L’Enseignant-Chercheur à la Faculté des Sciences Juridiques et Politiques et Chef du Département de Droit public à l’Université de Bangui, Abdias Ndomalé a développé une réflexion autour de textes officiels pris dans notre pays. Dans ce travail bien mérité, ce dernier a éclairé les lanternes sur les lois et décrets du temps de Djotodia et l’actuel pouvoir du président Touadéra. Ci-dessous l’intégralité de sa réflexion…

 TROP DE LOIS TUENT LA LOI

Le paradoxe de notre temps est le décalage entre l’ampleur des lois et le côté dérisoire du développement quantitatif. Devant la profusion des lois, les juristes déplorent « l’inflation législative » qui ravage l’activité des législatures caractérisées par la multiplication du volume des lois promulguées au cours de dernières décennies en RCA. Le contexte est marqué à la fois par la prolifération des lois et par la dégradation de la qualité des normes juridiques comportant le risque d’une insécurité juridique.

C’est un phénomène sociétal qui s’est accéléré avec l’alternance politique et les transitions en RCA. Dès lors, il est légitime de poser la question suivante :

Comment l’inflation législative détruit-elle la loi ?

Il est difficile pour l’homme de vivre sans loi, car la loi est la base de toute société. Le phénomène se présente ici en terme de, déséquilibre et d’excès. L’inflation législative se traduit par une mauvaise qualité de la loi, les textes sont longs, flous, tantôt la loi manque de clarté et d’intelligibilité…

La loi doit avoir certaines qualités : l’unité, l’ordre, la précision et la clarté. L’interprétation n’est nécessaire que lorsque le texte est obscur. Par contre, elle est superflue lorsque le texte est clair. Les citoyens  ont un sentiment d’insécurité juridique parce qu’ils ne savent plus distinguer la frontière entre comportement juridiquement répréhensibles  ou non.

Le concept d’inflation législative est englobant ; les textes réglementaires comme les décrets, les arrêtés y font partie intégrante. Dans le contexte centrafricaino-centrafricain, les décrets et les arrêtés sont plus nombreux que les lois. La tendance naturelle est à la multiplication des textes.

Le tableau ci-après affiche deux régimes  permettant de s’en faire une idée en termes de temps et de volume.

Lois et décrets Année durée Nombre
Régime de Djotodia 2013 8 mois 516
Régime de Touadera 2016 8 mois 303

Source : SGG Janvier 2020

Le nombre de textes s’est accru et la valeur s’est effondrée. Par conséquent, le déclin de la loi en tant que source du droit se confirme. La multiplication des textes règlementaires, occasionne la perte de prestige de l’Assemblée Nationale au profit d’un rôle croissant du pouvoir exécutif. Nous ne sommes plus soumis aux lois mais aux législatures.

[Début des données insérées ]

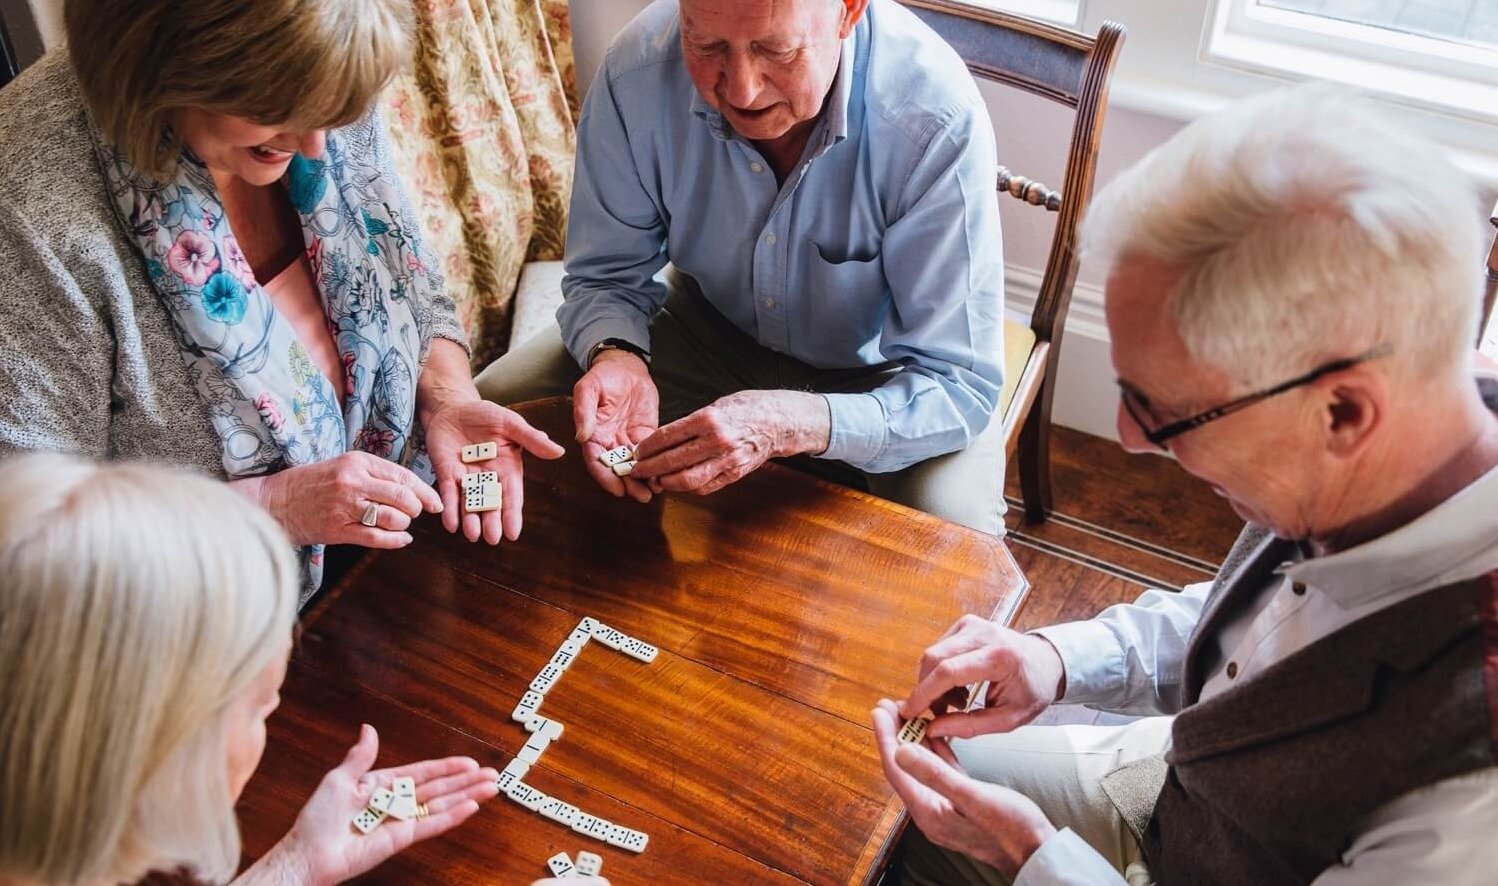 A group of four seniors playing dominos

La qualité d’une assemblée législative ne peut pas dépendre du volume des lois produites par celle-ci. Sinon dès qu’un problème de société surgit, le recours au législateur est le premier, voire le seul réflexe aboutissant souvent à une loi par avant, dont la seule fonction est de donner à l’opinion publique le sentiment que le problème a été résolu. -Assez-souvent la loi substitue la fiction à la réalité. Il ne s’agit pas de diaboliser les institutions de la RCA, mais d’explorer les pistes pour mieux appréhender le phénomène. En effet, au nom de la politique, le décideur s’écarte  parfois  sans  se rendre compte réellement de la réalité vivante.  Le réalisme empirique avouant  vite ses limites, on lui a adjoint la distinction entre qualités premières et qualités secondes.

Le style littéraire des lois en RCA n’est même plus à comprendre comme un objet que le juriste pouvait analyser scientifiquement. Le droit, c’est la réalité. La réalité que la science juridique étudie doit être dépouillée de ses apparences trompeuses.

Le monde qui nous environne est dominé par les dangers de l’image qui viennent de ce qu’elle est polysémique.

Ces différentes représentations du réel surtout avec la génération internet sont de nature à brouiller  la fiabilité de ce qui est représenté.

Pour Aristote «  la vérité est la propriété d’un jugement affirmant  que ce qui est ou que ce qui n’est pas n’est pas ». En clair, la vérité possède un caractère permanent, d’universalité et de nécessité. On dira qu’une vérité scientifique est toujours démontrée.

La multiplication des normes juridiques engendre beaucoup de contrevérités et des conséquences défavorables :

  • L’insécurité juridique ;
  • Le blocage, voire l’asphyxie de certaines activités de surcroît, la confusion entre les normes juridiques, techniques et professionnelles.

Les juristes ont du mal à maîtriser les lois. Ils sont obligés de se spécialiser dans un petit domaine de droit. C’est  contraire  à l’objectif d’accessibilité et d’intelligibilité de la loi qui constituent des objectifs de valeur constitutionnelle.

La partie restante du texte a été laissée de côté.